Anonymous Patient Answer

Does fanconi anemia run in families?

Fanconi anemia was found among both familial and sporadic cases. Fanconi anemia is a recessive disorder and seems to be more frequent than carrier in the community. We found a high prevalence of Fanconi anemia in our familial cases and anticipate that this will be the predominant report of Fanconi anemia among FANCA families.

Anonymous Patient Answer

What are the common side effects of jsp191?

Jsp191 injection has no side effects. Furthermore, the injection is safe and there is no sign of immunogenicity. The therapeutic effect of Jsp191 in treatment of Fanconi Anemia is significant. Therefore, Jsp191 is a potential gene knockdown agent for treating Fanconi Anemia.

Anonymous Patient Answer

Does jsp191 improve quality of life for those with fanconi anemia?

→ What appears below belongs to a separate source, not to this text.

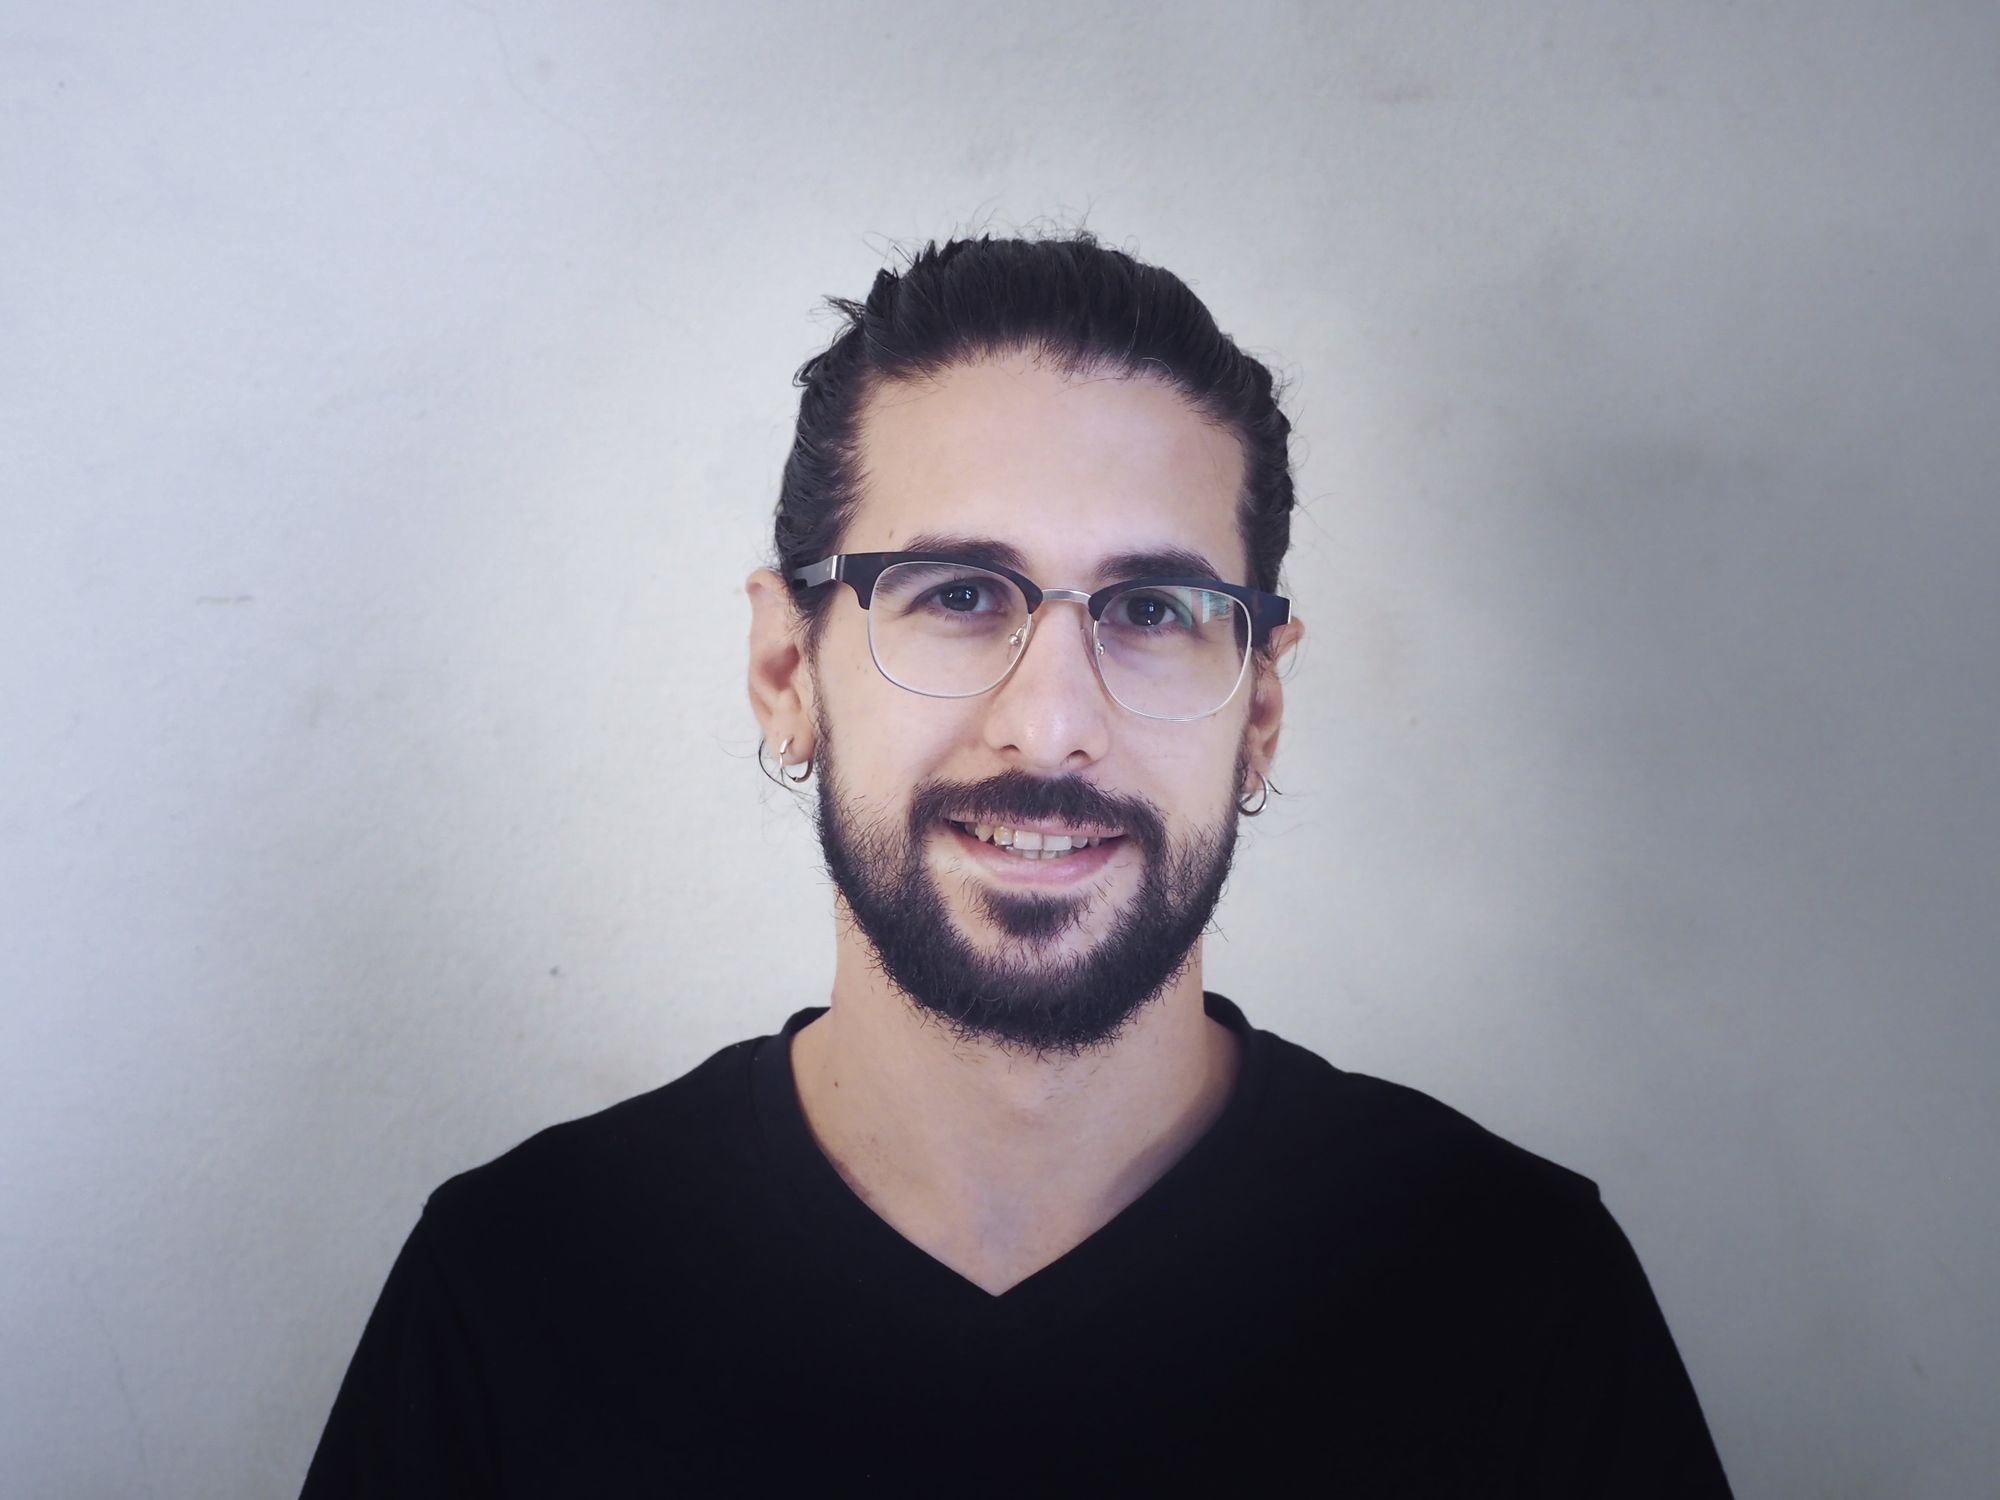 Ferran Reyes
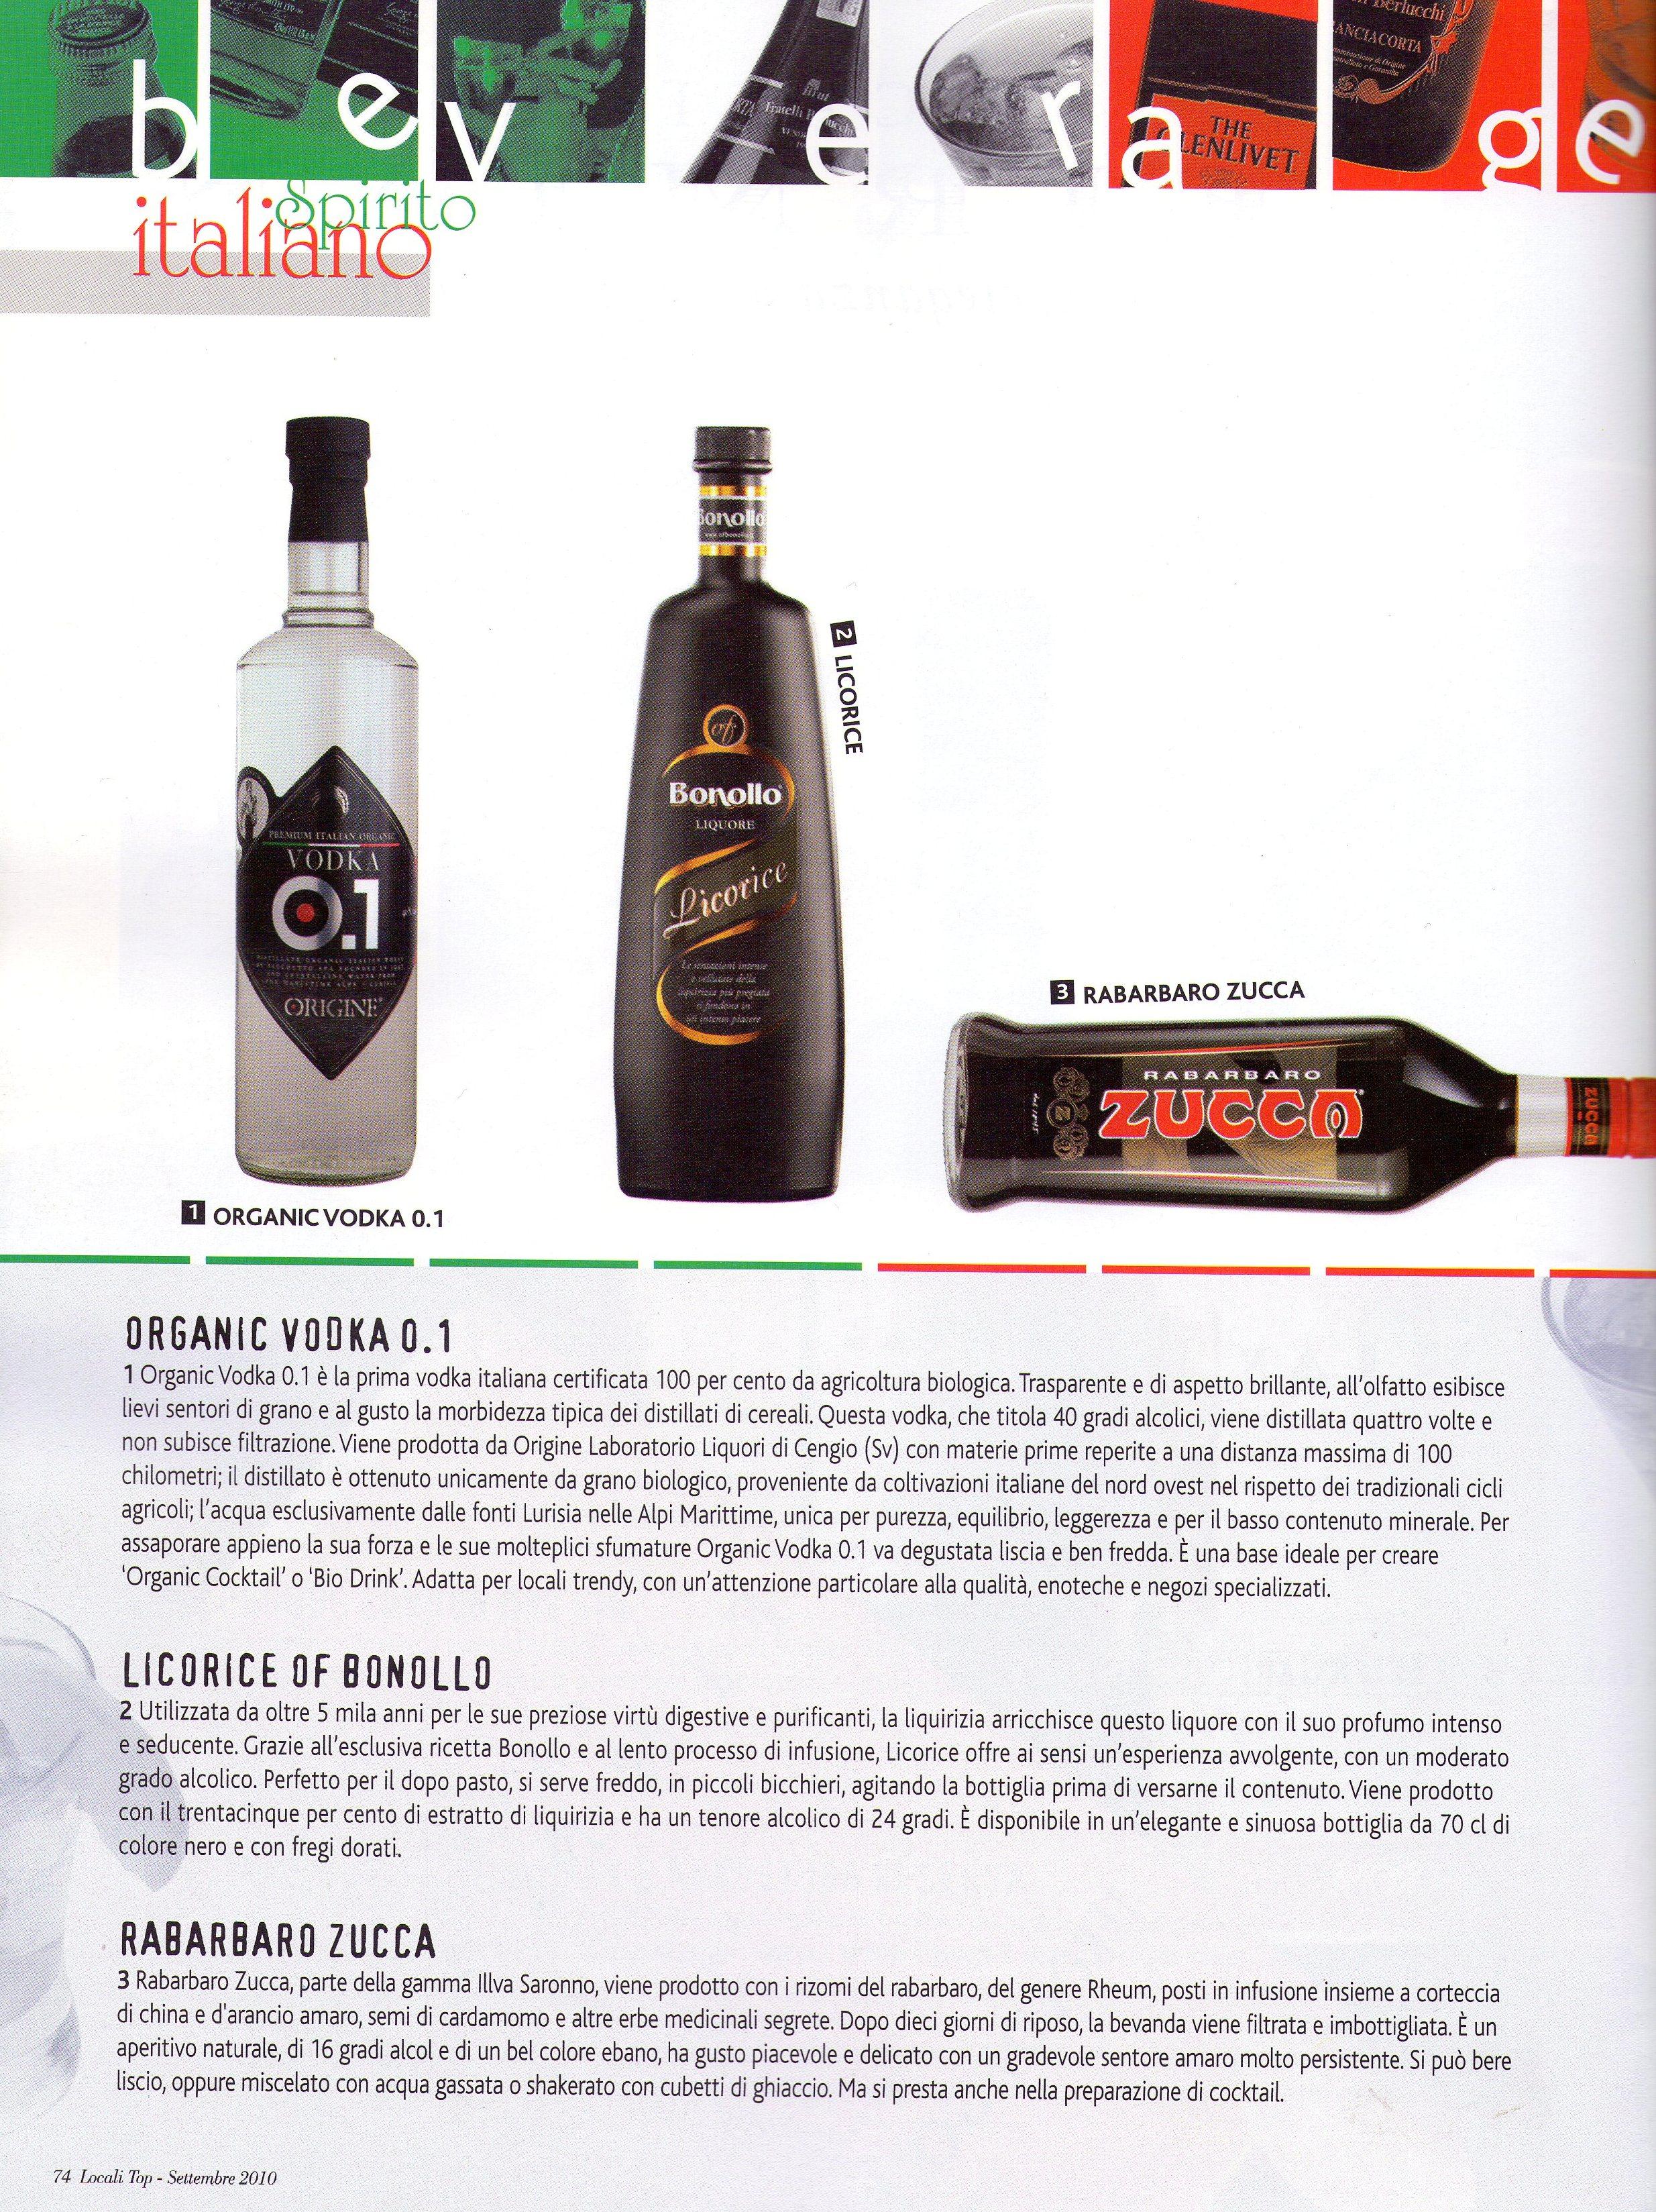 organic vodka 0.1

Results from a recent clinical trial of our study indicate that the Jsp191 intervention for 6- to 20-month periods was safe and effective for achieving and maintaining improvements in physical and mental health parameters in patients with FA. Results from a recent clinical trial has provided further evidence that, given carefully chosen indications, chronic immunosuppressant therapies may be safely withdrawn in selected FAz patients.

Anonymous Patient Answer
See if you qualify for this trial
Get access to this novel treatment for Fanconi Anemia by sharing your contact details with the study coordinator.